Sum Inventory - codepath/compsci_guides GitHub Wiki
Unit 8 Session 1 Advanced (Click for link to problem statements)
Problem Highlights
- 💡 Difficulty: Easy
- ⏰ Time to complete: 10 mins
- 🛠️ Topics: Binary Tree, Tree Traversal, Recursion
1: U-nderstand
Understand what the interviewer is asking for by using test cases and questions about the problem.
- Established a set (2-3) of test cases to verify their own solution later.
- Established a set (1-2) of edge cases to verify their solution handles complexities.
- Have fully understood the problem and have no clarifying questions.
- Have you verified any Time/Space Constraints for this problem?
- What does each node in the binary tree represent?
- Each node represents the current stock of a flower variety in the store.
- How should the function behave if the tree is empty?

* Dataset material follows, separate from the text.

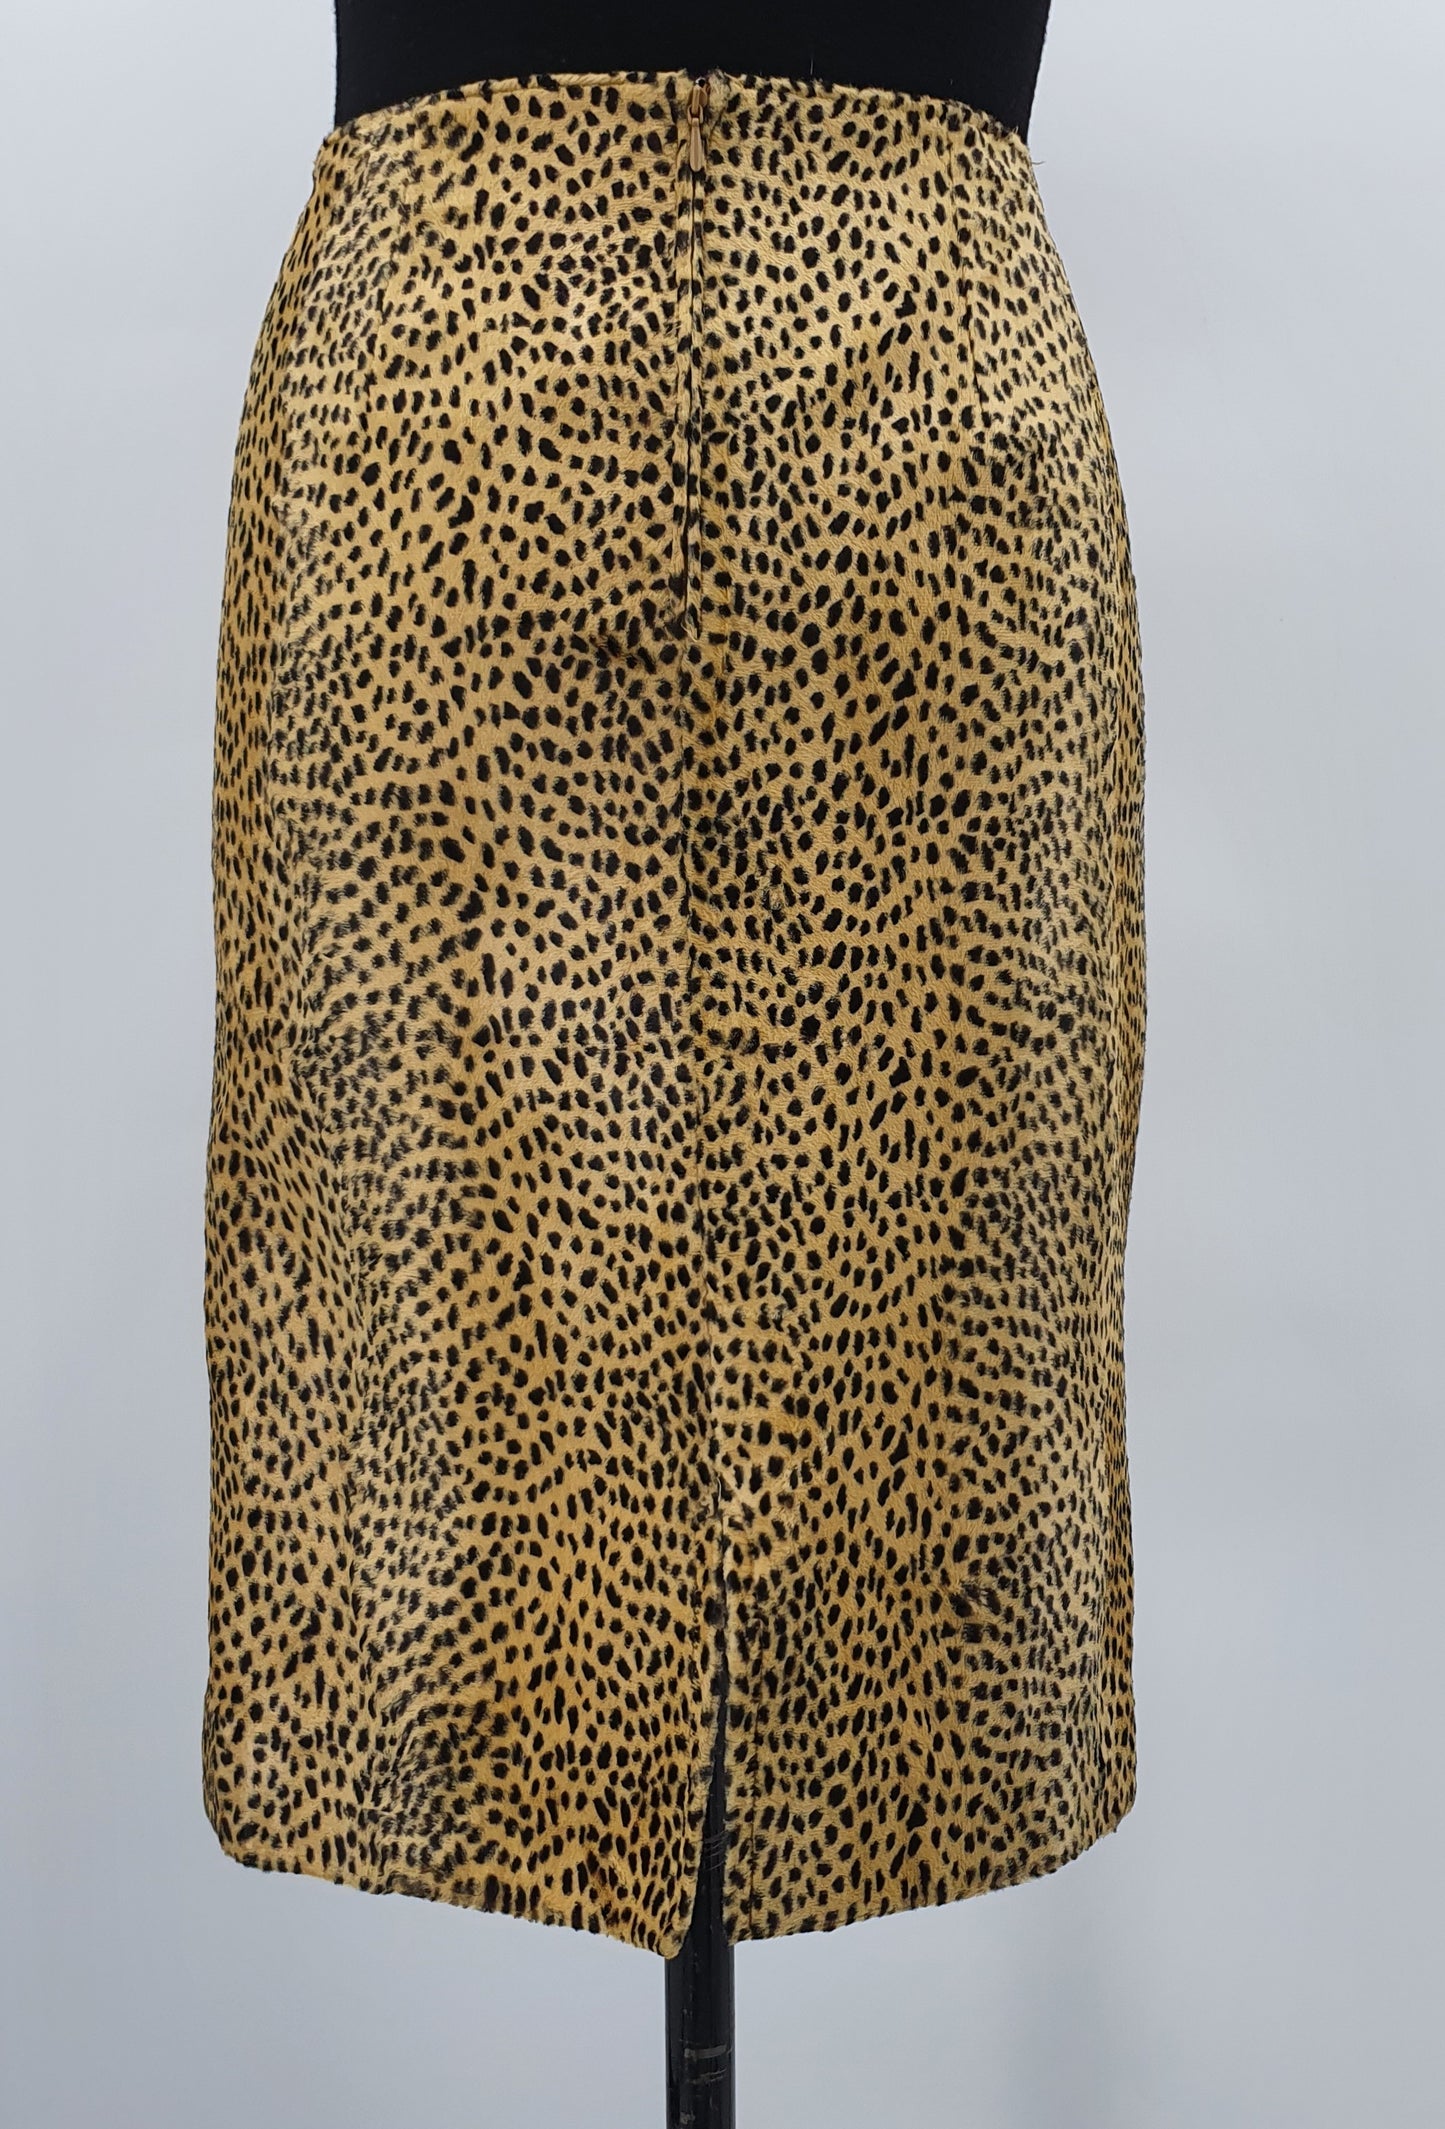 Leopardikuvioinen hame, 80-90-luku, vyöt.ymp. 90cm, kokoarvio 44

- The function should return 0 if the tree is empty.
HAPPY CASE
Input: Binary tree with nodes [45, 12, 10, 20, 1, 15]
Output: 106
Explanation: The sum of all nodes is 45 + 12 + 10 + 20 + 1 + 15 = 106.
EDGE CASE
Input: Binary tree with only one node [50]
Output: 50
Explanation: The tree has only the root, so the sum is 50.
2: M-atch
Match what this problem looks like to known categories of problems, e.g. Linked List or Dynamic Programming, and strategies or patterns in those categories.
For Tree Summation problems, we want to consider the following approaches:
- Binary Tree Traversal: Traverse the tree to calculate the sum of all nodes.
- Recursion: Use recursion to sum the values of the nodes by summing the values of each subtree.
3: P-lan
Plan the solution with appropriate visualizations and pseudocode.
General Idea: Traverse the tree recursively, summing the values of each node by adding the sum of the left subtree and the right subtree.
1) If the current node is None, return 0.
2) Recursively calculate the sum of the left subtree.
3) Recursively calculate the sum of the right subtree.
4) The sum of the current node is its value plus the sum of the left and right subtrees.
5) Return the sum of the tree rooted at the current node.
⚠️ Common Mistakes
- Not correctly handling the base case where the tree is empty.
- Forgetting to include the current node's value in the total sum.
4: I-mplement
Implement the code to solve the algorithm.
class TreeNode:
def __init__(self, value, left=None, right=None):
self.val = value
self.left = left
self.right = right
def sum_inventory(root):
if root is None:
return 0
# Recursive case: calculate the sum of left and right subtrees
left_sum = sum_inventory(root.left)
right_sum = sum_inventory(root.right)
# The sum of the tree rooted at the current node
return root.val + left_sum + right_sum
5: R-eview
Review the code by running specific example(s) and recording values (watchlist) of your code's variables along the way.
- Test with the examples given:
- Input 1: Binary tree with nodes [45, 12, 10, 20, 1, 15]
- Expected Output: 106
- Input 2: Binary tree with only one node [50]
- Expected Output: 50
- Verify that the outputs match the expected results.
6: E-valuate
Evaluate the performance of your algorithm and state any strong/weak or future potential work.
Assume N
represents the number of nodes in the binary tree.
- Time Complexity:
O(N)
because the algorithm visits each node once. - Space Complexity:
O(H)
whereH
is the height of the tree, due to the recursive call stack.